The MDSC used in this study were generated in vitro by addition of B6 HpSC at the beginning into a DC culture in which B6 BM cells were cultured at an HpSC/BM ratio of 1:40 in the presence of GM-CSF and IL-4 for 5 days, as described.13 BM cells cultured without addition of HpSC served as controls (DC). The floating cells were harvested for phenotypic studies by staining with mAbs against the key cell surface molecules and analyzed by flow cytometry. The cells in the cultures without HpSC contained approximately 57% CD11c+ cells, whereas those cultured with HpSC generated only approximately 8% CD11c+ cells (Figure 1A), indicating the presence of HpSC inhibits DC propagation, while promoting generation of CD11b+CD11c cells. Approximately 89% of these CD11b+CD11c cells were Gr-1+ (Figure 1B, left panel), CD11b+Gr-1+ has been used for identification of mouse MDSC.18 We reported that addition of HpSC into DC culture promoted generation of MDSC.13,14 Flow analysis gated on CD11b+ populations showed that both DC and MDSC constitutively expressed CCR2 (Figure 1B, middle panels), a receptor of chemokines which specifically mediates monocyte chemotaxis.26 Exposure to inflammatory cytokine IFN-γ markedly upregulated CCR2 expression on MDSC (Figure 1B, right panel), reflecting the response of MDSC to inflammatory stimulation. To determine the role of CCR2 expressed in MDSC immunological activity, we generated MDSC from CCR2−/− mice. CCR2−/− MDSC expressed the key surface molecules comparable to wild type (WT) controls (Figures 1A and C). Compared with DC, MDSC were expressed significantly higher arginase 1 and iNOS mRNA (Figure 1D). Arginase-1 and iNOS enhance L-arginine catabolism, leading to inhibition of T cell function.27 CCR2 deficiency did not affect expression of arginase-1 and iNOS (Figure 1D) in MDSC. The ability of MDSC to suppress T cell response was tested in vitro by addition of MDSC (WT or CCR2−/−) or DC into a MLR culture in which CFSE-labeled T cells were stimulated by allogeneic antigens. Compared to DC, addition of MDSC markedly inhibited the proliferative response (CFSE dilution assay) in both CD4+ and CD8+ T cells. Deficiency in CCR2 did not alter their in vitro inhibitory activity (Figure 1E).

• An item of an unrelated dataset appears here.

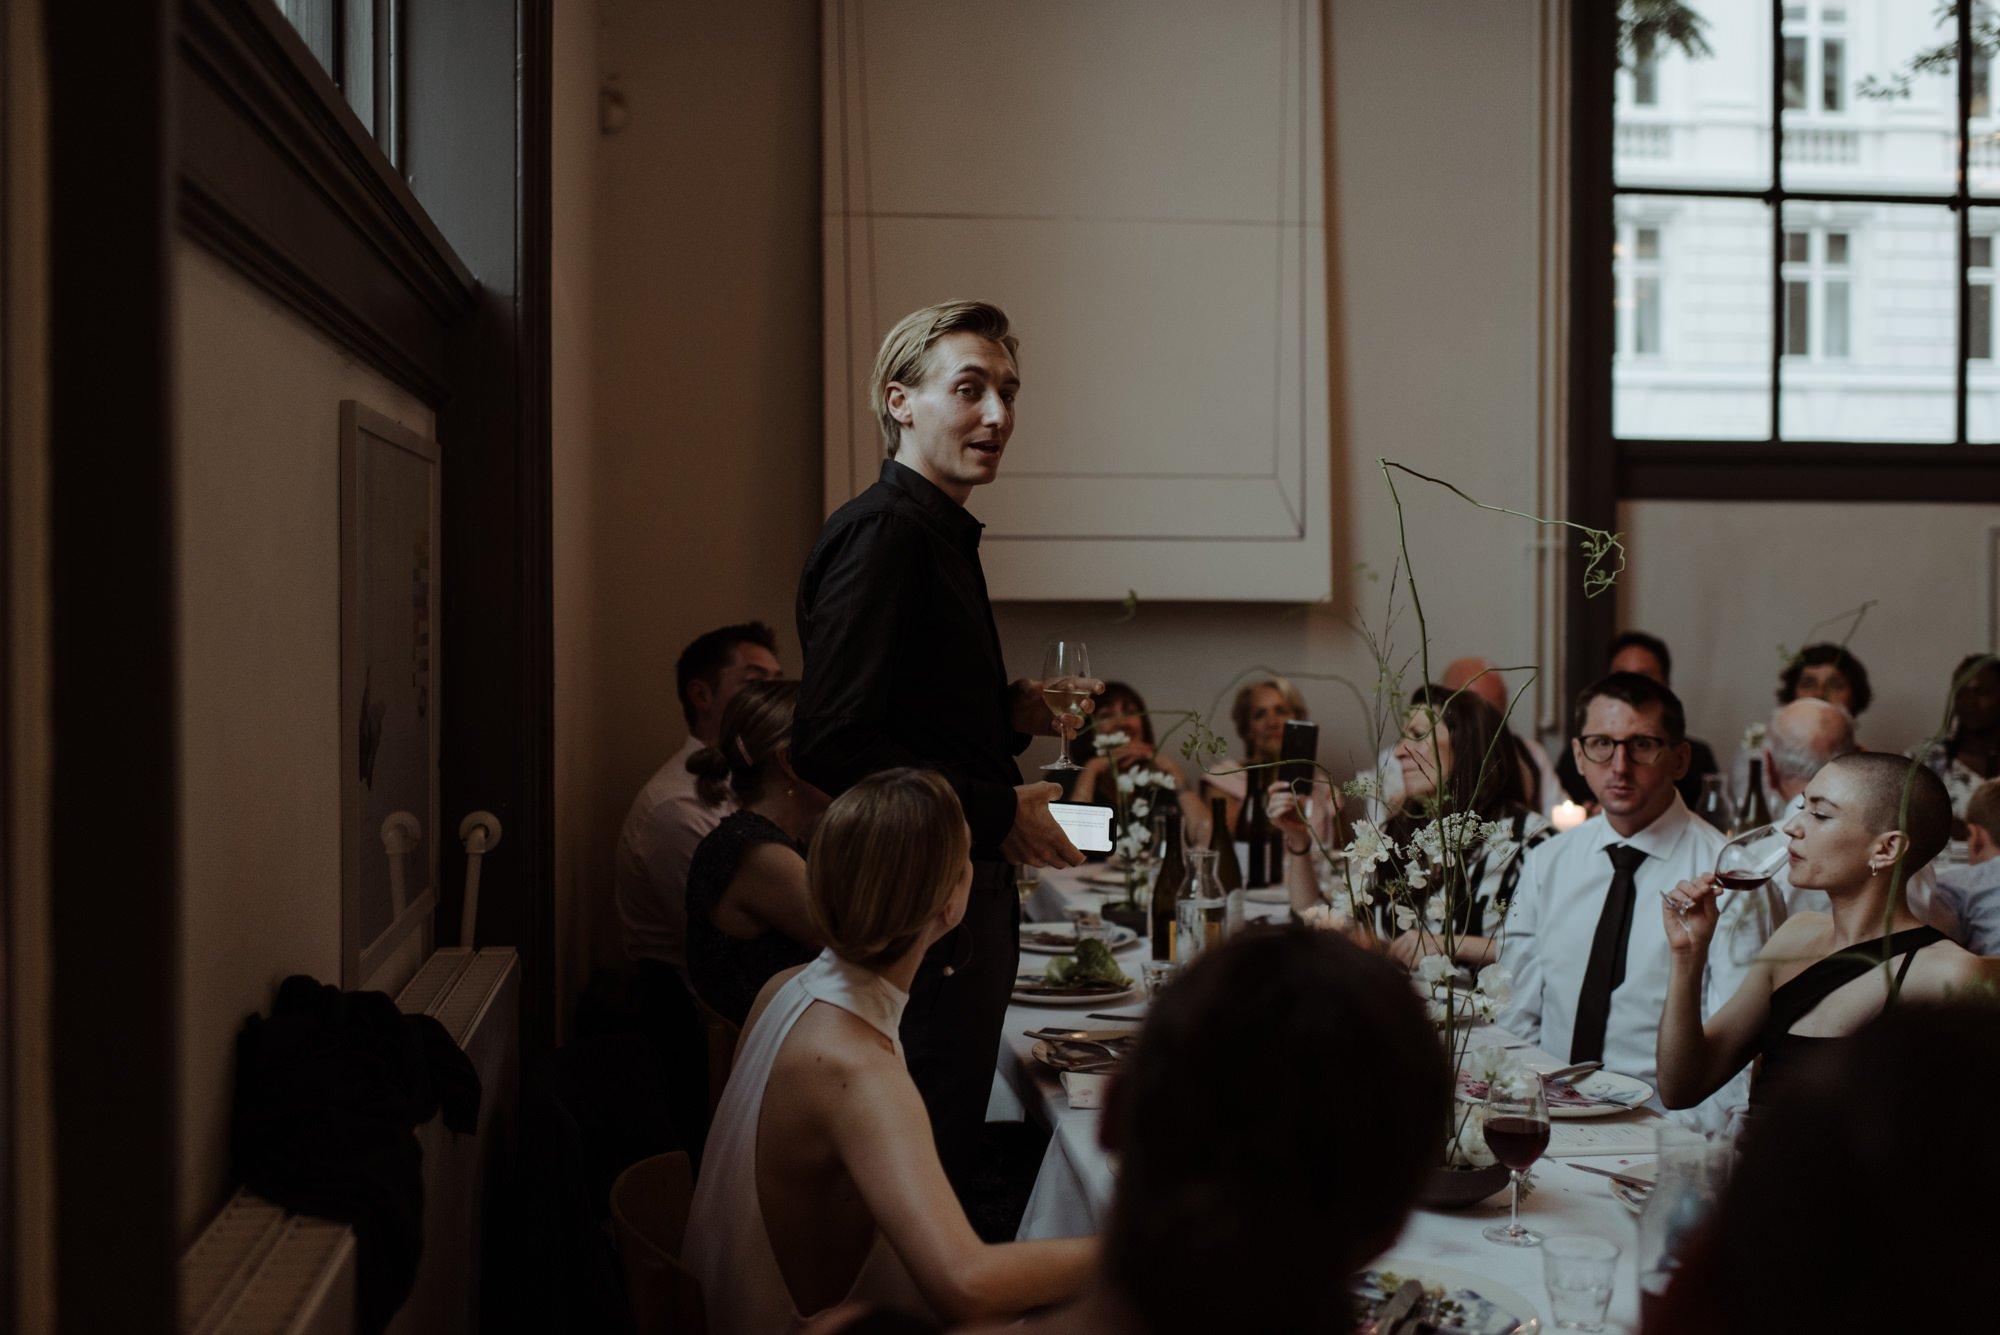 copenhagen wedding photographer 4422 3 1

Deficiency in CCR2 expression does not alter MDSC phenotype and immunosuppressive activity in vitro. The MDSC used in this study were generated in vitro by addition of HpSC (B6) at the beginning into the culture of BM cells that were isolated from WT or CCR2−/− B6 mice at a ratio of 1:40 in the presence of GM-CSF and IL-4 for 5 days. The floating cells were harvested. The BM cells cultured in the absence of served as controls (DC). Cells were stained for CD11b, CD11c and the indicated key surface molecules, and analyzed by flow cytometry. A, Expression of CD11b and CD11c on DC, MDSC, and CCR2−/− MDSC. The number is percentage of positive cells in whole cell populations. B, Expression of Gr-1 and CCR2 on DC and MDSC. MDSC expressed high Gr-1 (left panel). For IFN-γ stimulation, the cells were exposed to IFN-γ (100 U/mL) for last 18 hours of the cultures. Right panel shows an overlay of CCR2 expression on MDSC with or without exposure to IFN-γ. All data are displayed as histograms gated on CD11b+ populations. C, Null of CCR2 expression in MDSC does not affect expression of the key surface molecules. Expression of the indicated molecules was analyzed on WT and CCR2−/− MDSC. The data are displayed as histograms gated on CD11b+ cells. D, Deficiency in expression of CCR2 does not alter expression of arginase-1 and iNOS in MDSC. RNA was isolated from the magnetic beads purified CD11b+ cells. Expression of mRNA was determined by q-PCR, displayed as mean (n = 3) relative expression ± SD, and analyzed by 2-way t test with Bonferroni correction. E, CCR2−/− MDSC demonstrate comparable T cell inhibitory activity in vitro. DC and MDSC generated from WT or CCR2−/− mice (B6) were used as regulators, and added into a 3-day MLR culture in which allogeneic T cells (BALB/c) were elicited by B6 DC as stimulators (T:DC = 20:1). T cell proliferation was determined by CFSE dilution assay, and expressed as histograms gated on CD4 and CD8 populations. The number is percentage of dividing CD4+ or CD8+ T cells. The data are representative of three separate experiments. q-PCR, quantitative polymerase chain reaction.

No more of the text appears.